__INSTRUCTIONS FOR THE TASK__: Transcribe exactly the lines below that begin at the line with "Landscape, Lorestan, Iran, Asia" and stop after the line with "Robert Mugabe will", leaving out every picture.

__SUPPLIED ENTRIES__:
- - - - - - -

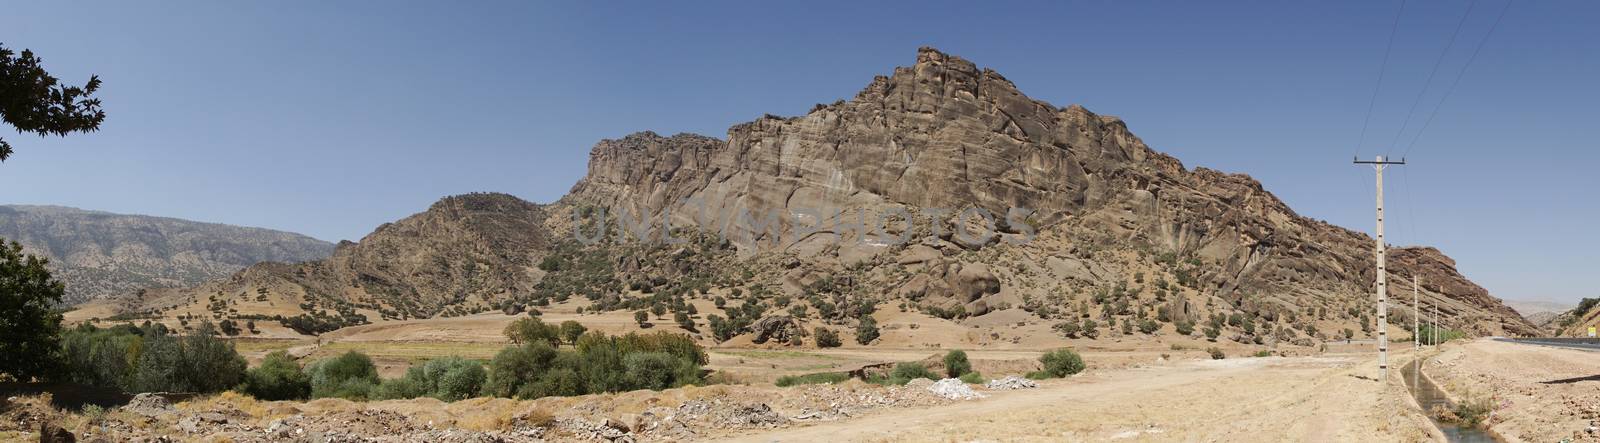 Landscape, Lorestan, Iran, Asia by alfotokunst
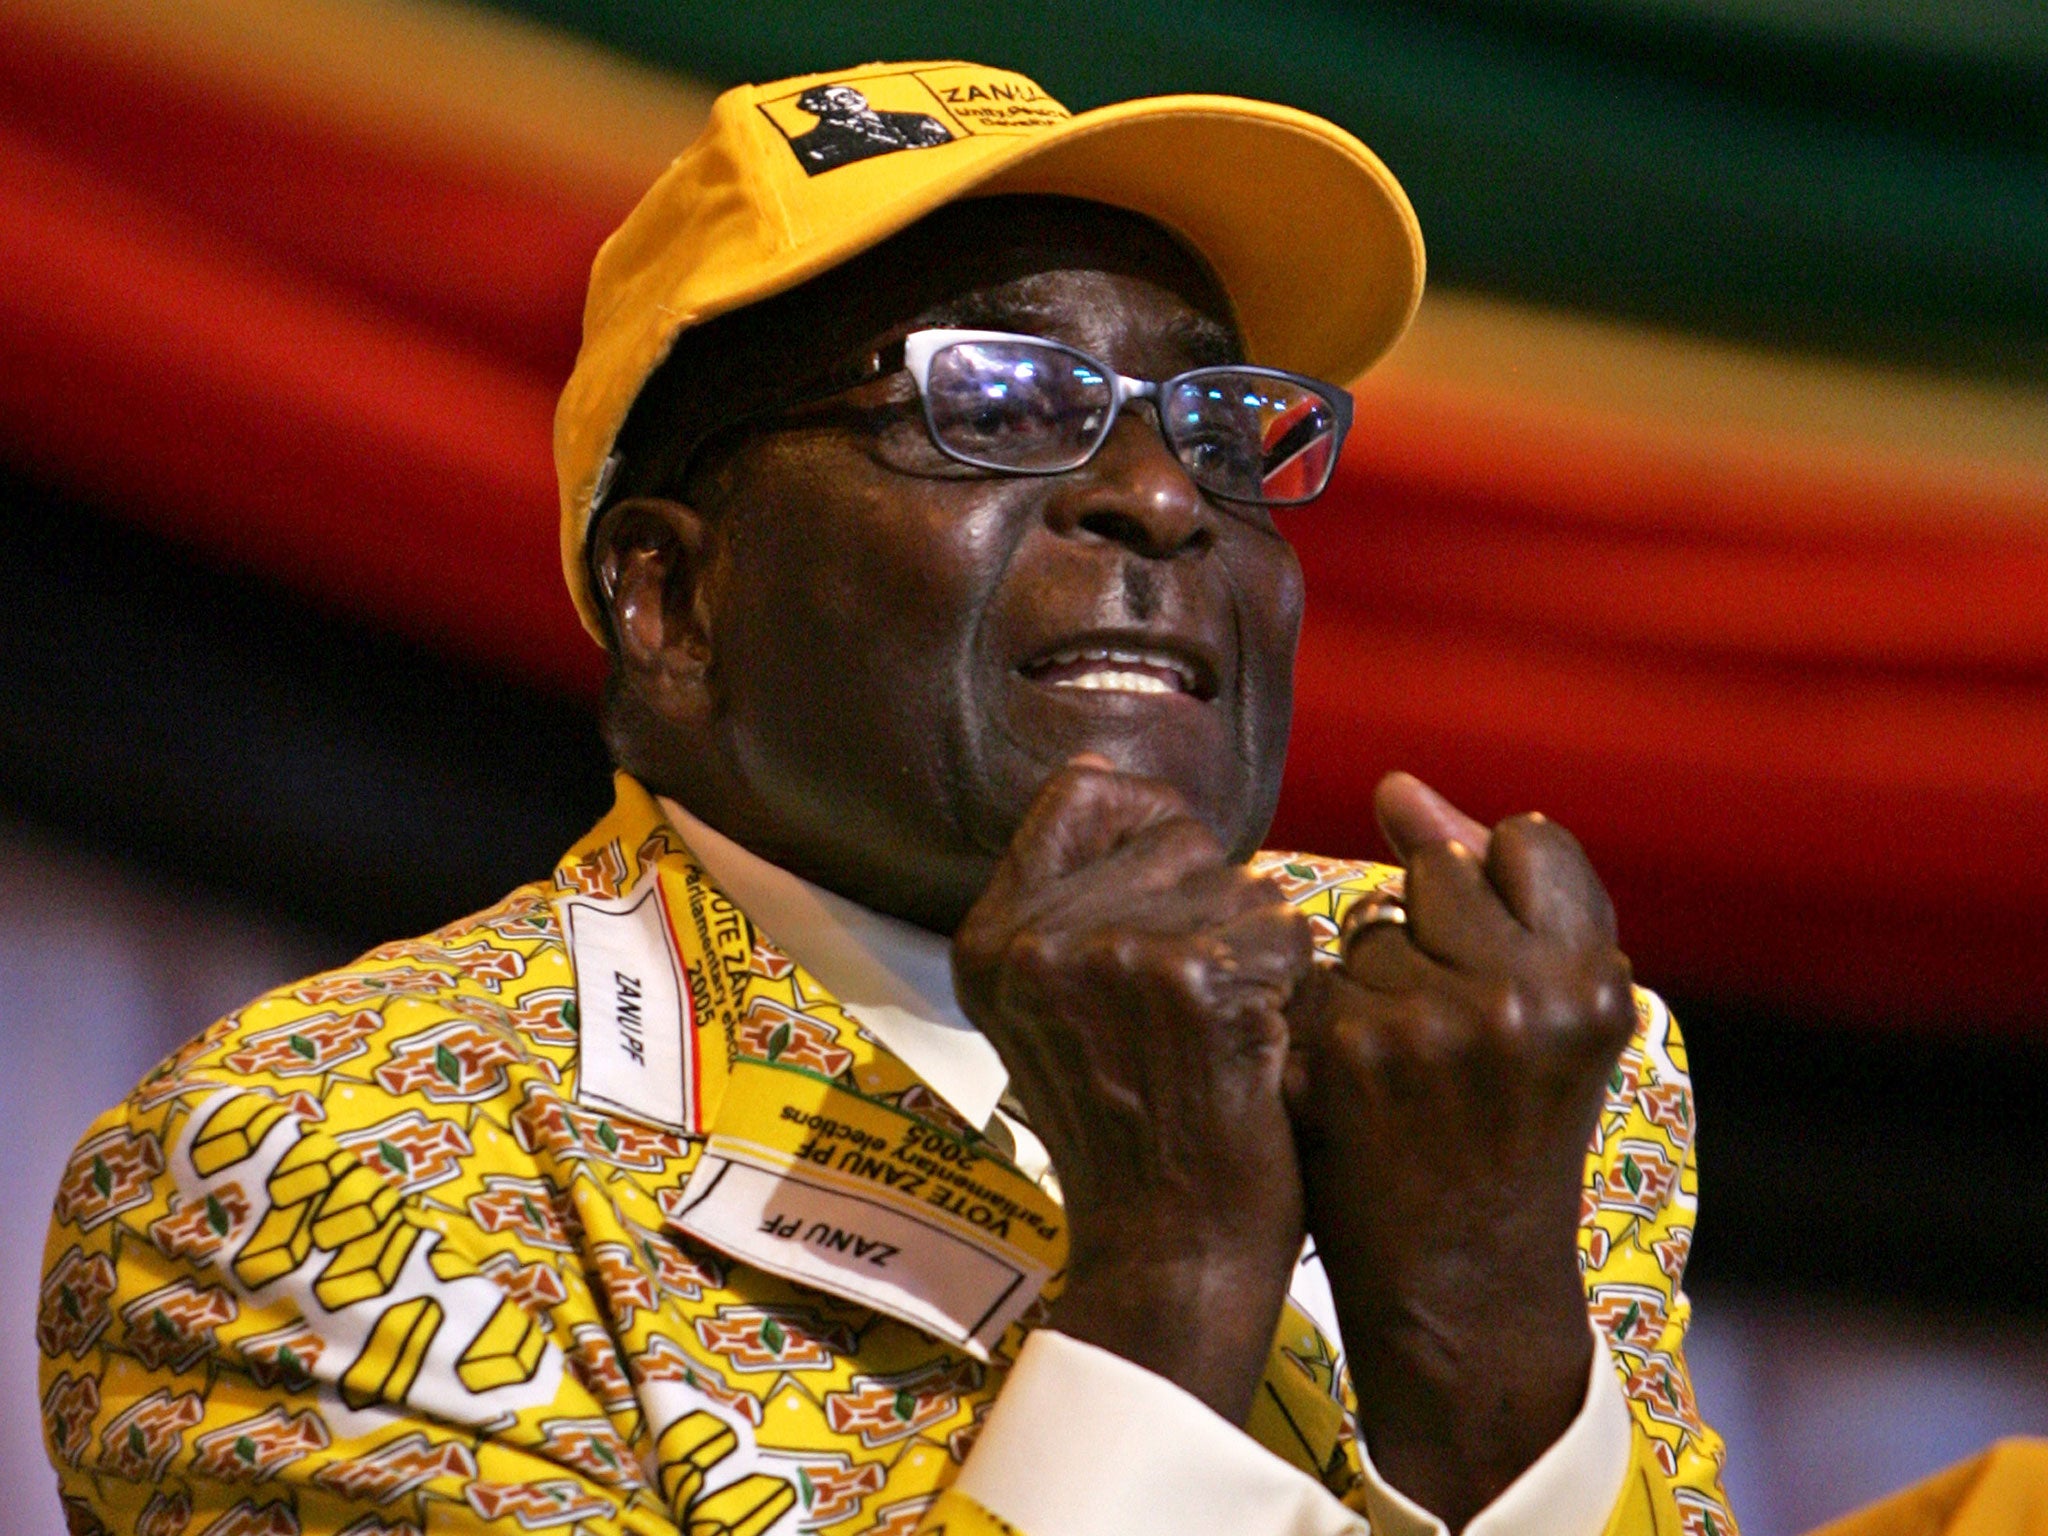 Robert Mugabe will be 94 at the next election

- - - - - - -

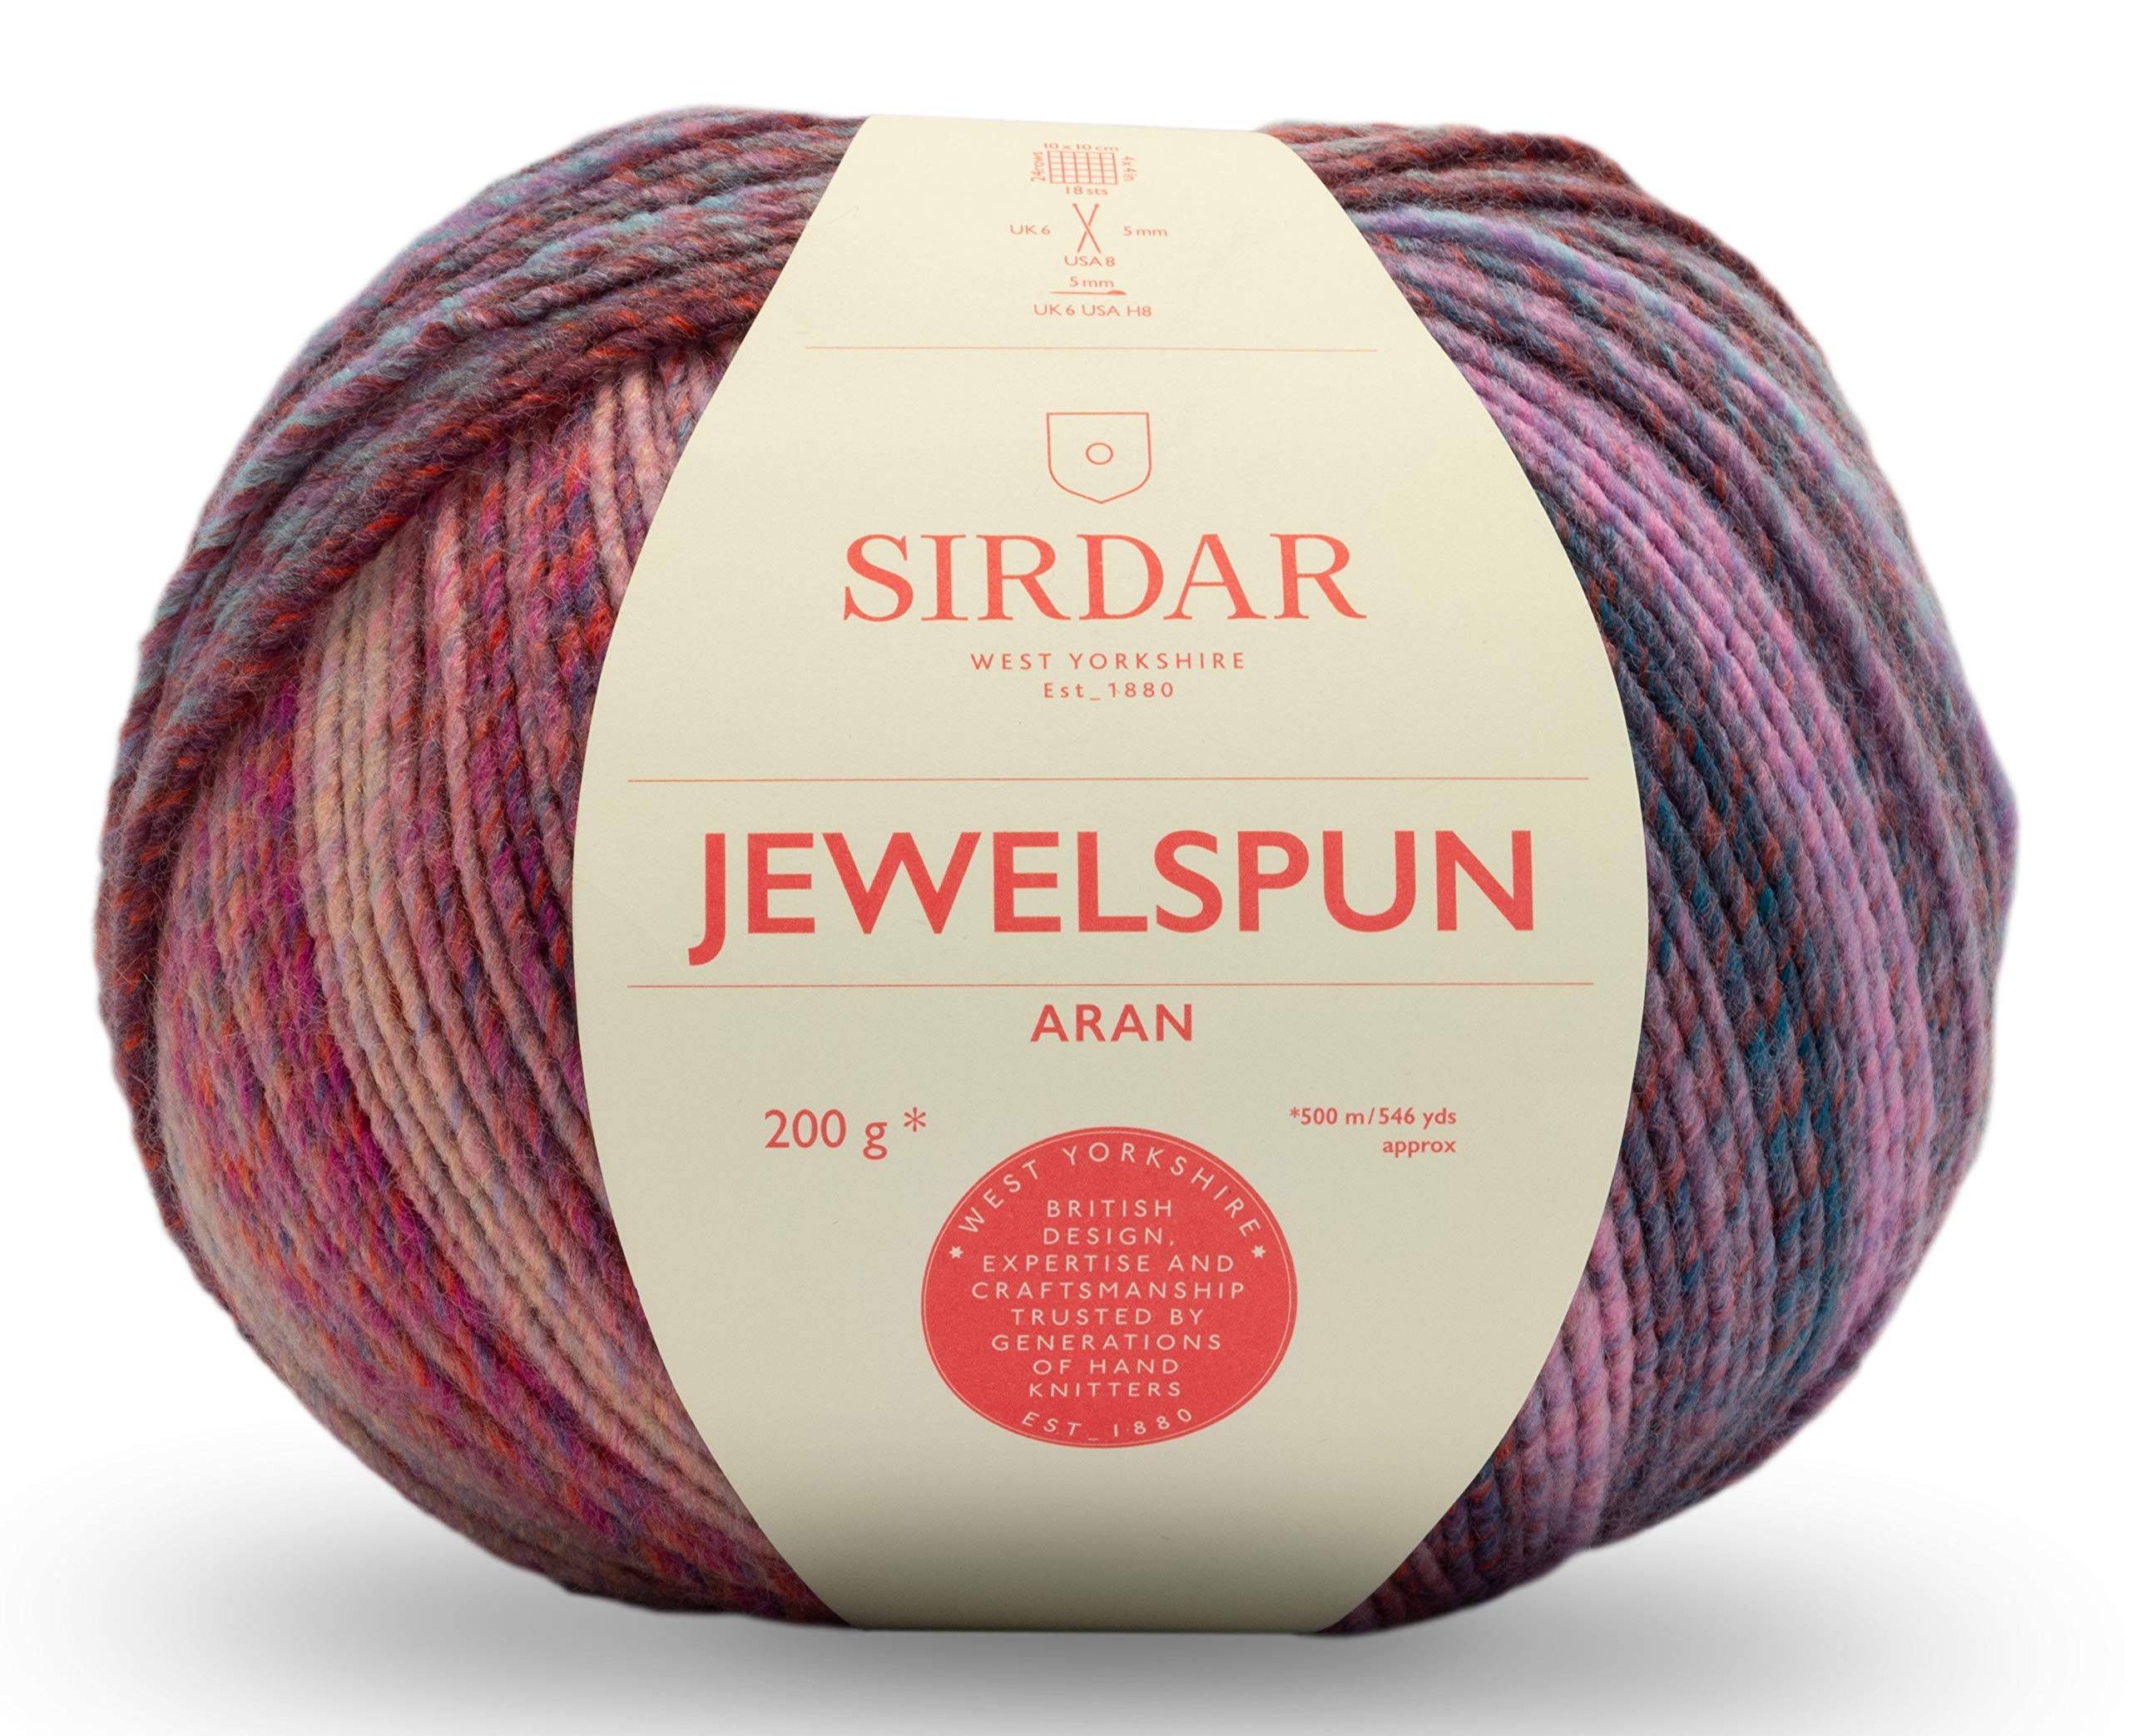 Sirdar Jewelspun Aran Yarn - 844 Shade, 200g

- - - - - - -

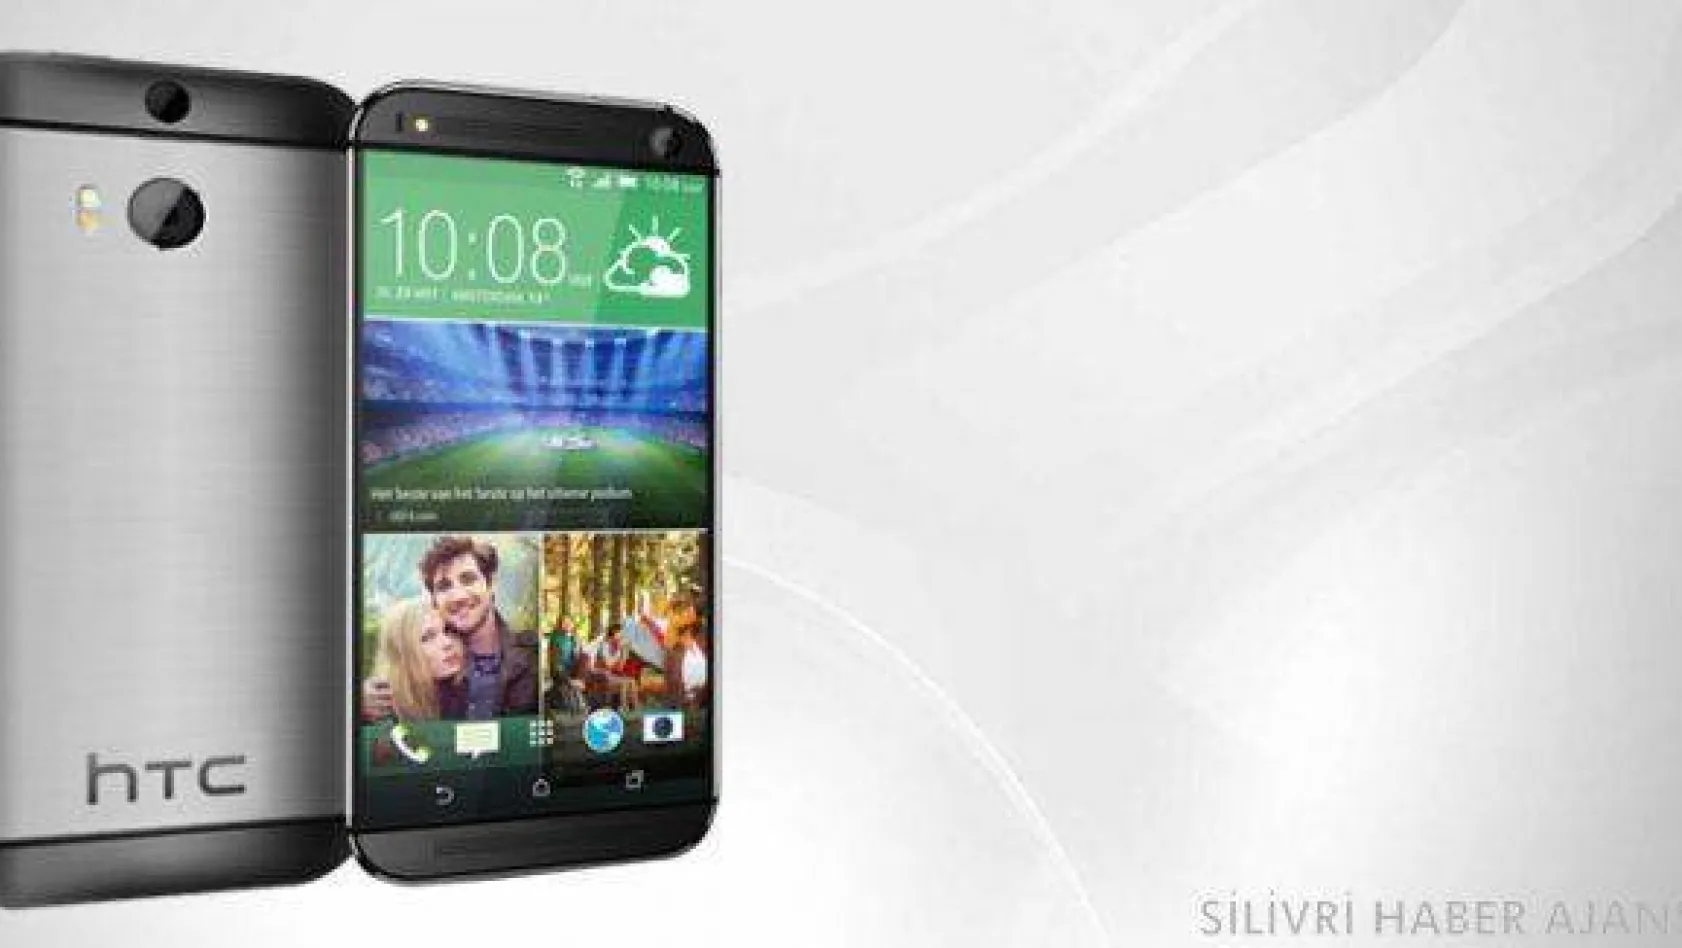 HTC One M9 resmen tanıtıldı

- - - - - - -

__ANSWER FOR THE TASK__:
 Landscape, Lorestan, Iran, Asia by alfotokunst
 Robert Mugabe will be 94 at the next election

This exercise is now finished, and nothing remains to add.